**Exercise**
Each line below is to be copied exactly; images do not go into the copy.

**Data extract**
##############################

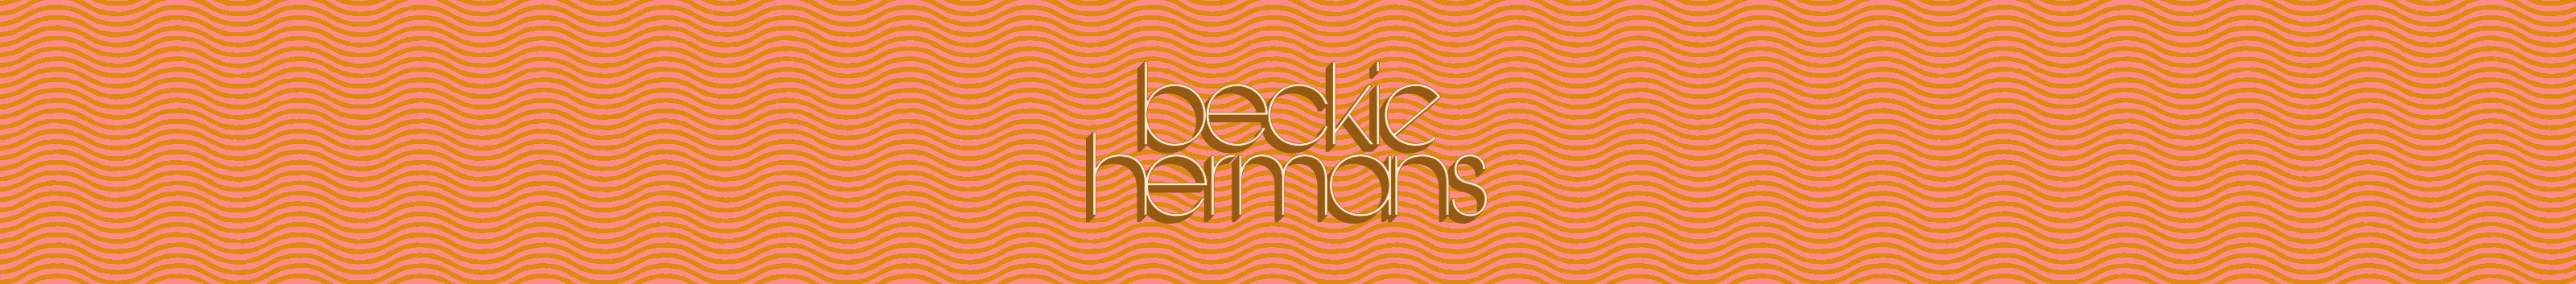 Beckie Hermans's profile banner
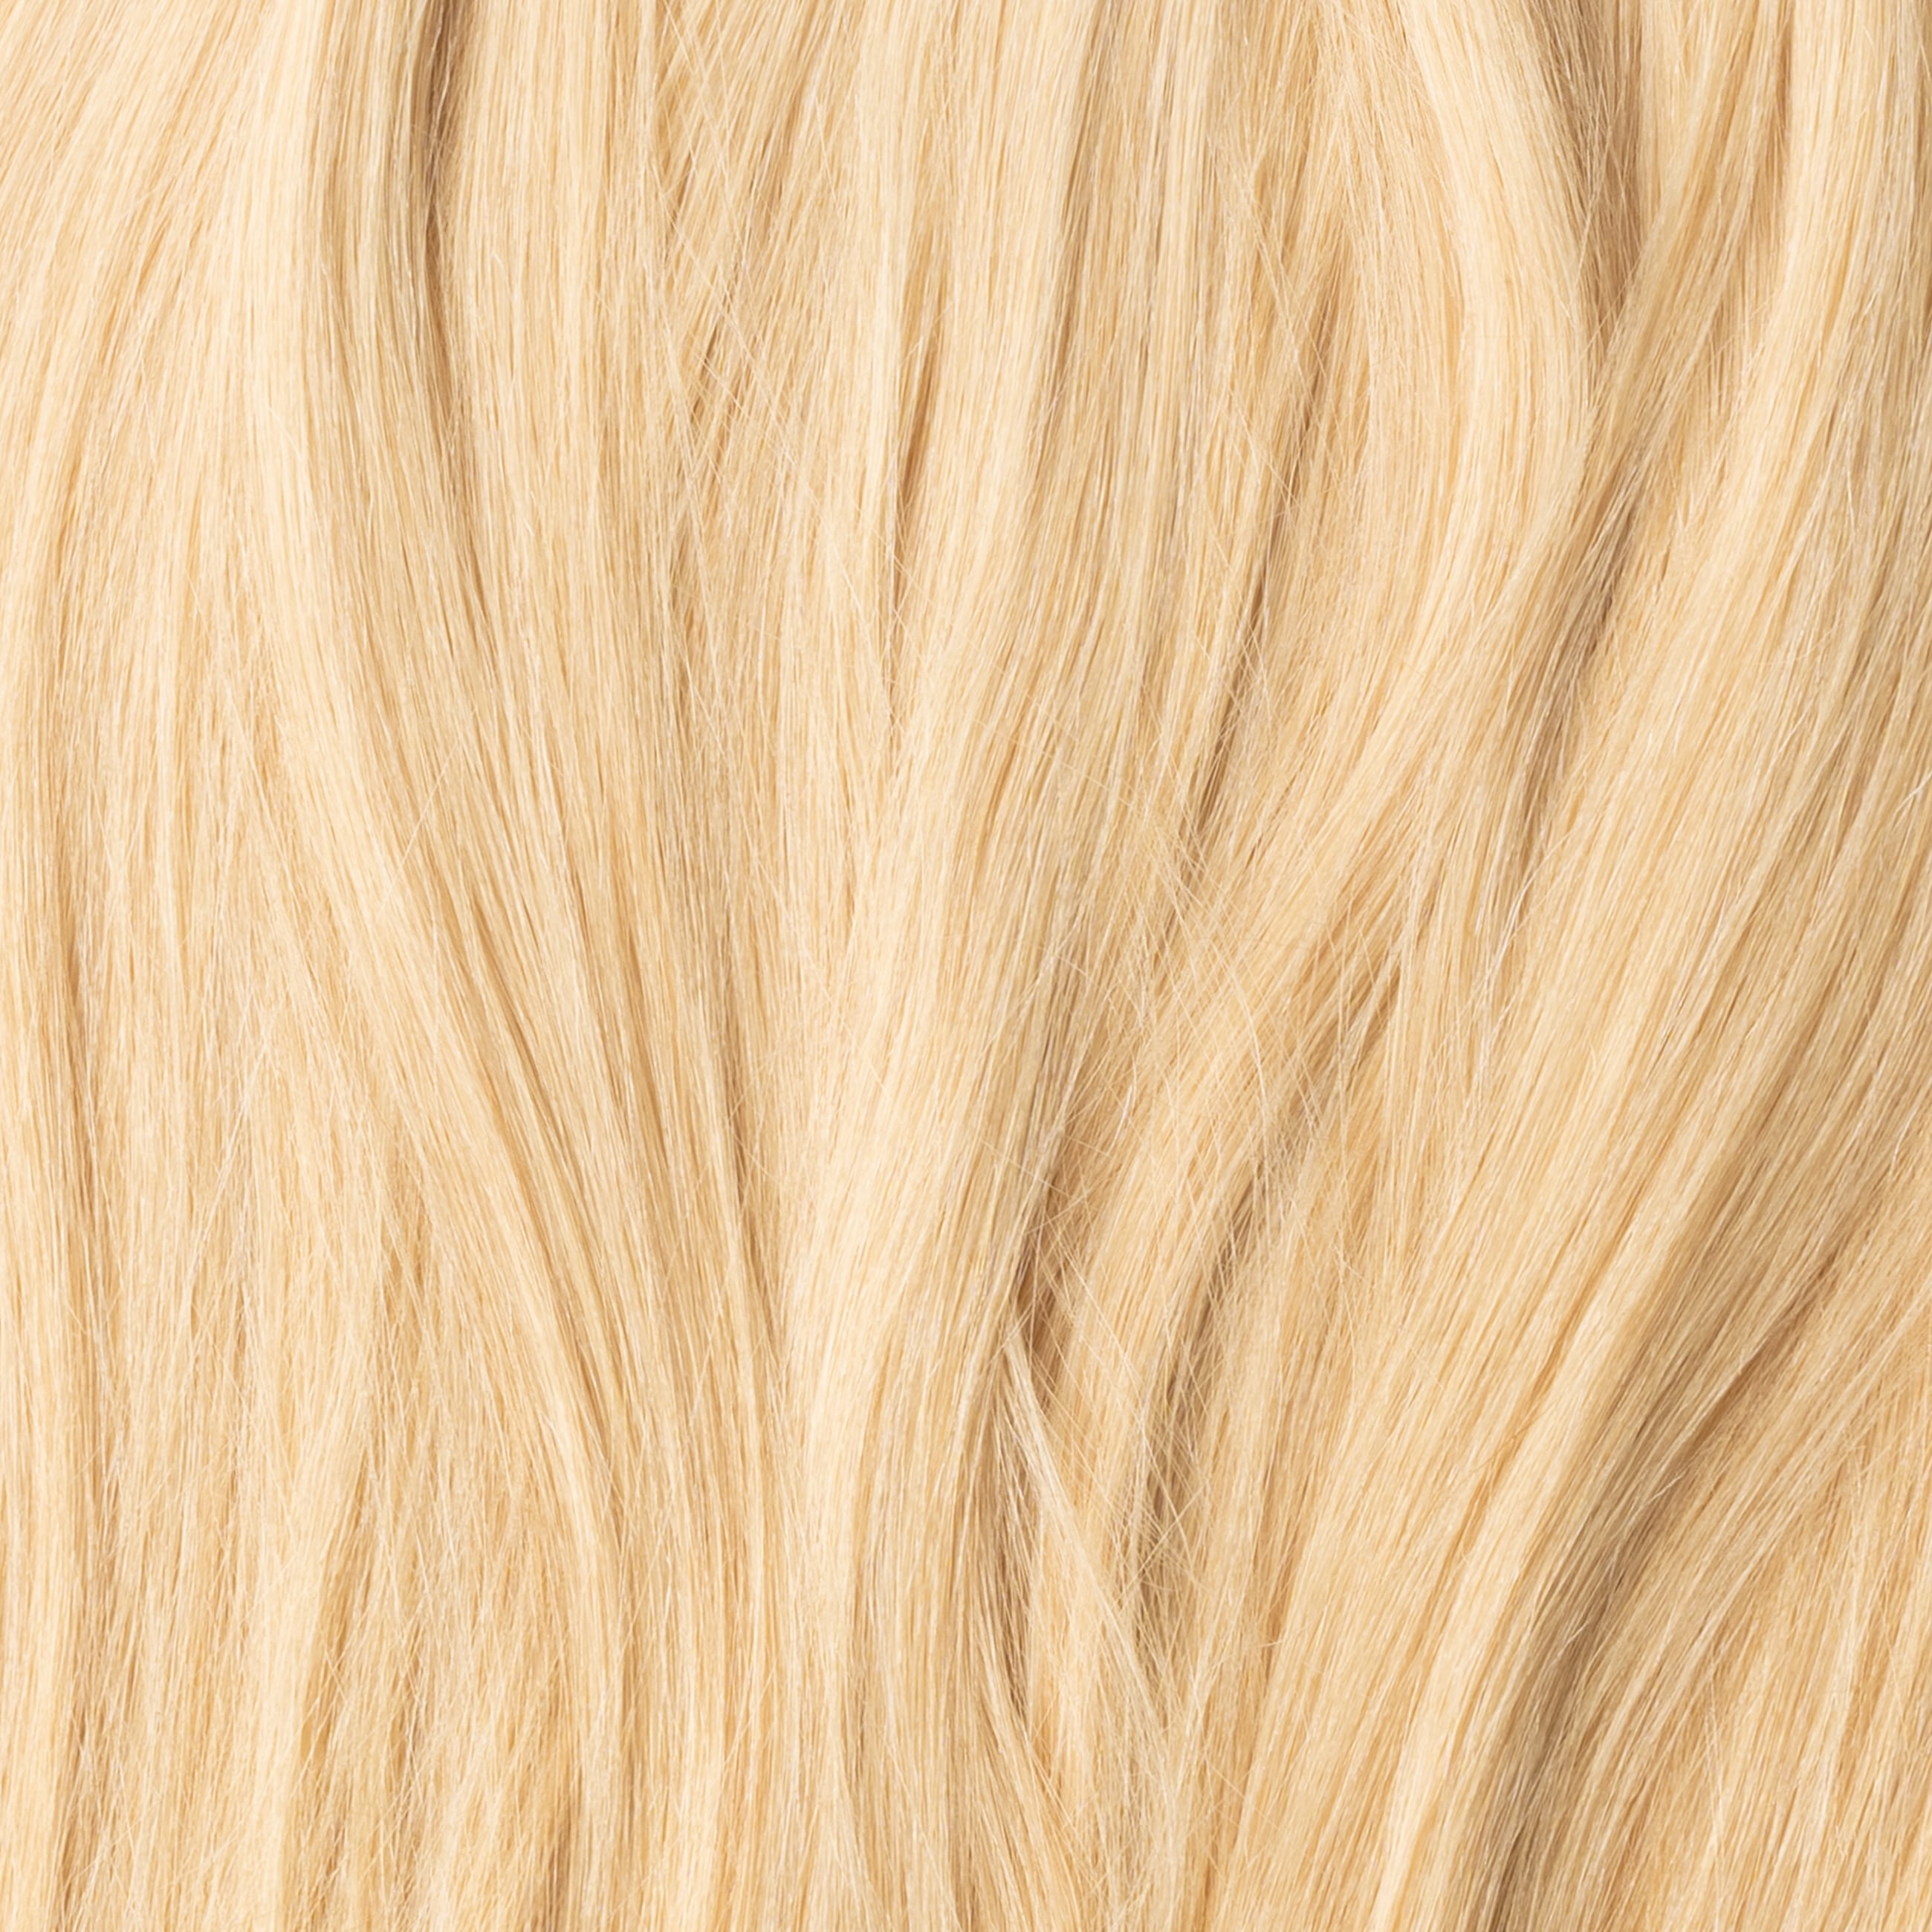 Halo hair extensions - Gyldenblond nr. 22
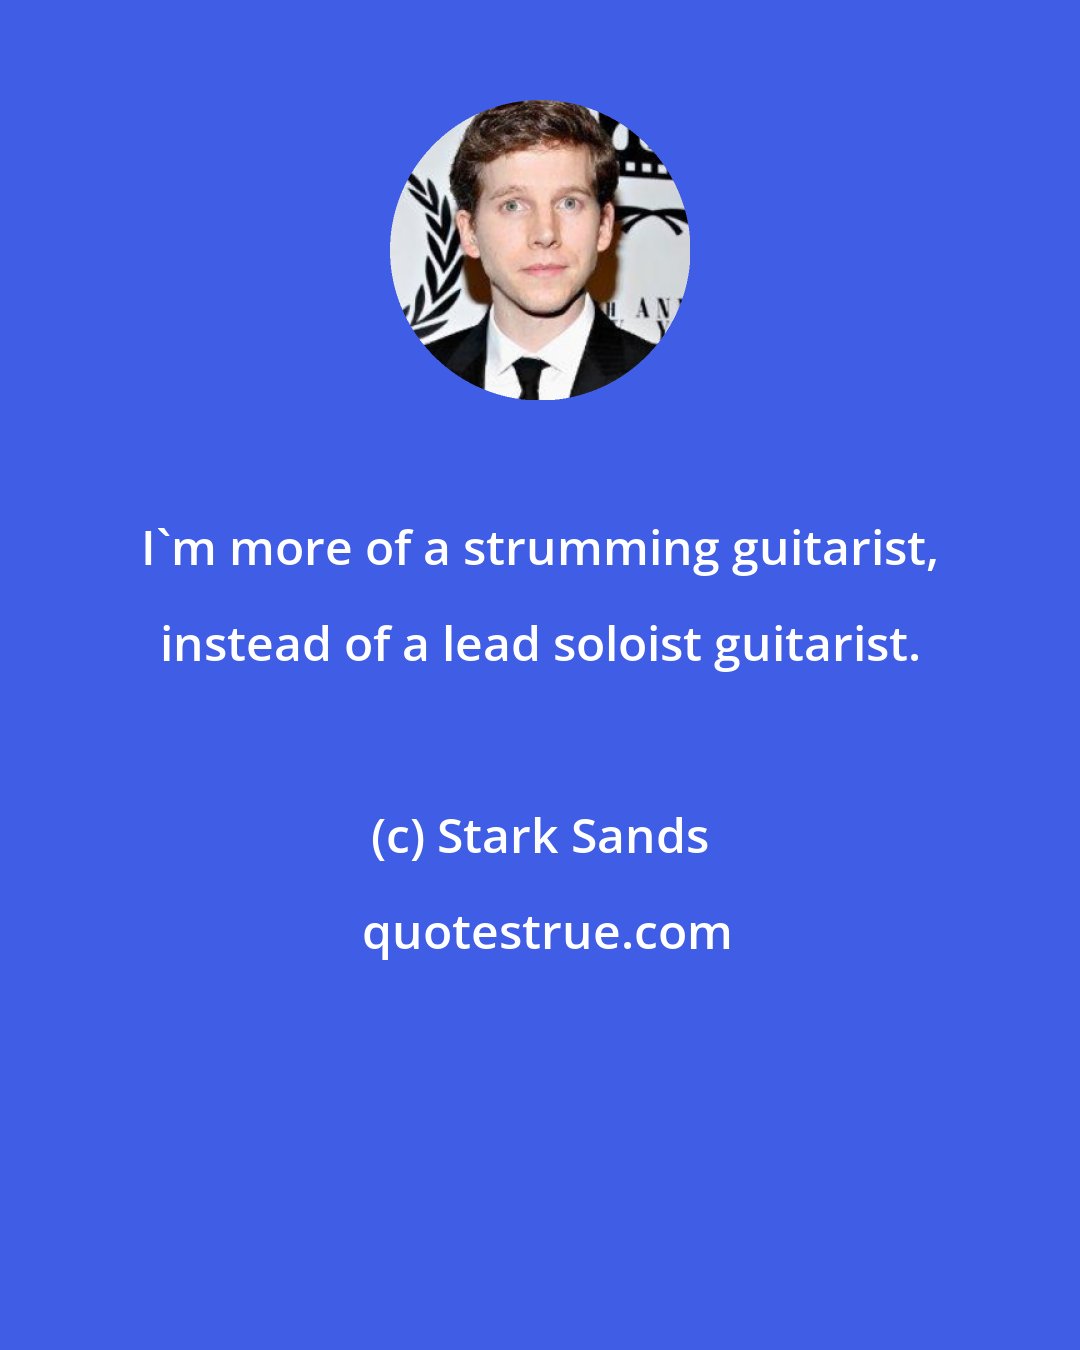 Stark Sands: I'm more of a strumming guitarist, instead of a lead soloist guitarist.
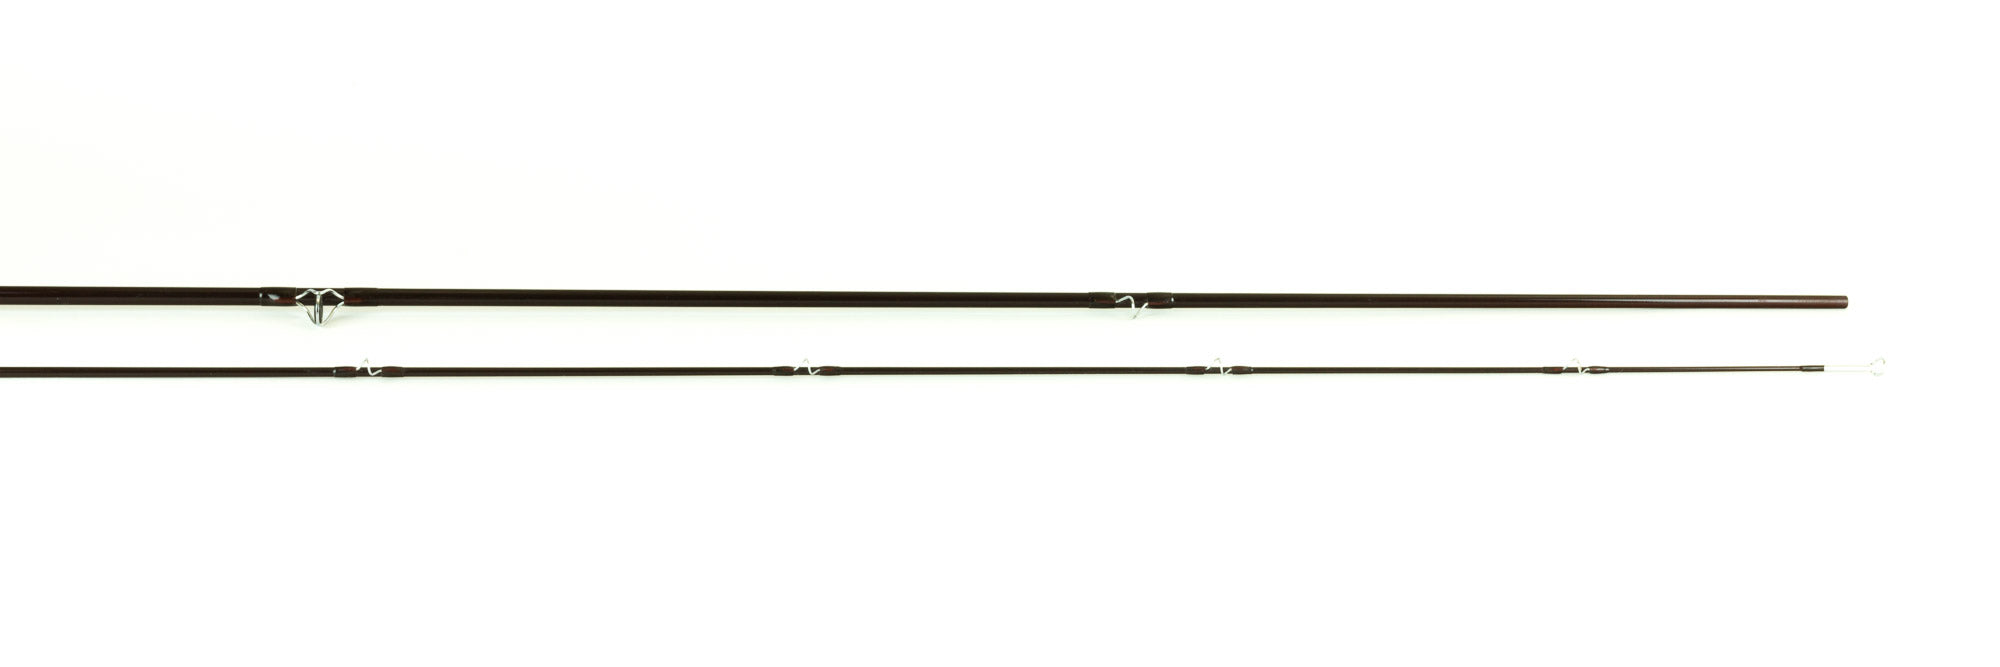 Sage Graphite III GFL 590 LL 5wt 9'0 Fly fishing rod w/Sock Tube  Excellent++

##############################

**Solution to this task**
 Beckie Hermans's profile banner
 Halo hair extensions - Gyldenblond nr. 22
 Stark Sands: I'm more of a strumming guitarist, instead of a lead soloist guitarist.
 Sage Graphite III GFL 590 LL 5wt 9'0 Fly fishing rod w/Sock Tube  Excellent++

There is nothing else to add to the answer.